Unfortunately, we are no different than the rest. The art world is a hub of contagion, and we infect each other with our mindless attitude for which our business comes first. As we can stop the increasing numbers of novel coronavirus infections, we can also stop the diffusion of this ‘social’ virus. The quarantine we experience today due to COVID-19 offers us an opportunity to reflect on time, space, and mobility differently. The art world, which always expects you to be there, is nowadays challenged to find ways to come to you. Interestingly, art institutions around the world, from museums to artist-run spaces, are slowly exploring digital platforms to make art accessible online as never before. Superflex’s motto “All data to the people,” could not be more prophetic within a pandemic. 
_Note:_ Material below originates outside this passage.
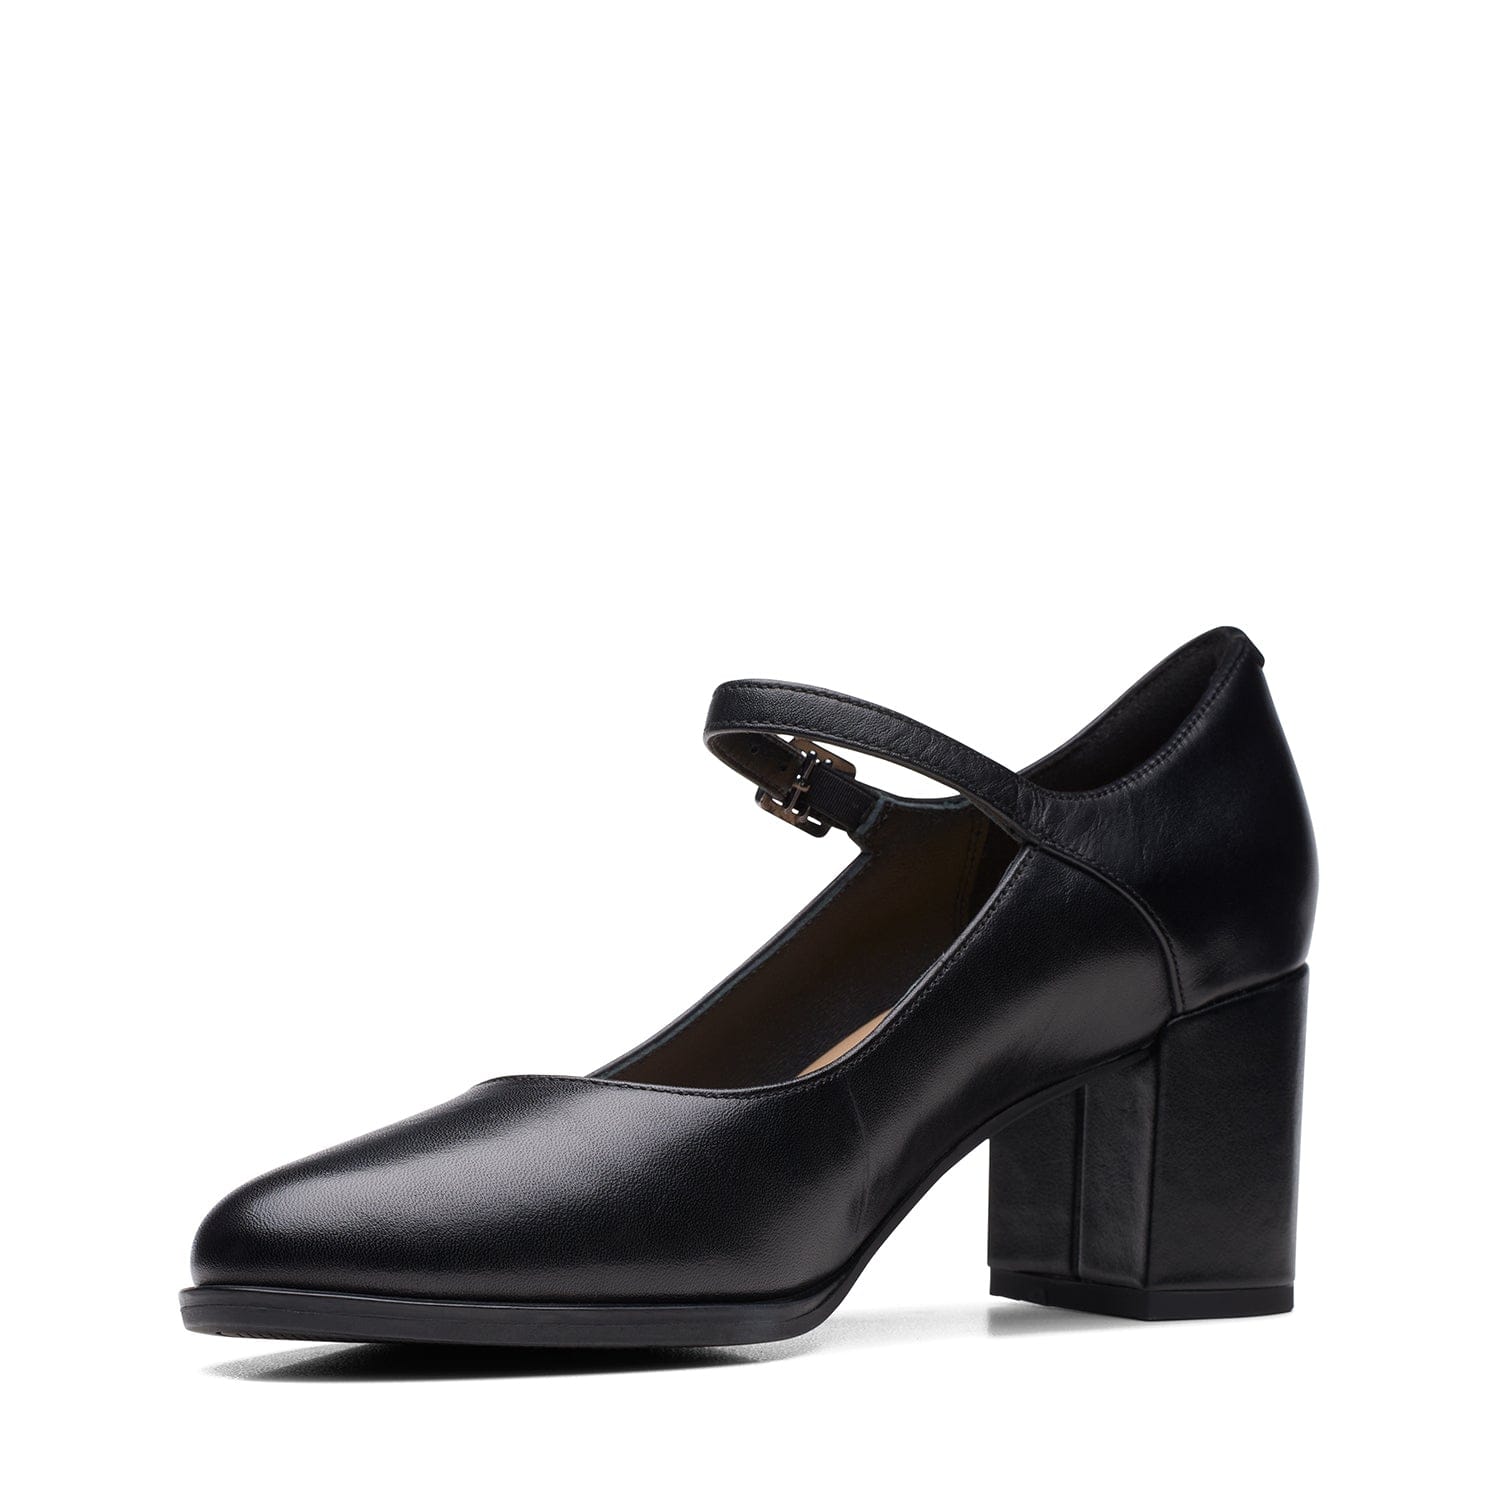 Clarks Freva55 Strap - Shoes - Black Leather - 261720525 - E Width (Wide Fit)

These days provide everyone the opportunity to imagine new dynamics which could structure the post-pandemic art world. These days teach us to place human interests first and consider the impact of our practice beyond the edge of our skin. If we all use this time alone to question the essence and scope of our artistic and curatorial practices, we might rediscover that vibrant and intimate passion for art that, back in the days, we almost didn’t want to share with anyone. Let us spend time with that passion that we made into a life project, and that urged us to take a distance from social conventions.

Dear art world friends, colleagues, enemies, and competitors, in these times, we are asked to live in quarantine, and it an unconventional condition. We advocate social distancing as the new passive form of activism, mentioning it on hashtags that we hope could gather a critical mass around the topic. Let us use this opportunity to pave the way to construct the community we have only dreamt of before, and, maybe, focus more on connecting emphatically than keeping social distance.

For the last 12 days Irene Campolmi has been in quarantine in Poggibonsi, Tuscany. Like everybody else she goes grocery shopping wearing a face mask and plastic gloves, waiting in line at the pharmacy and the supermarket for many hours.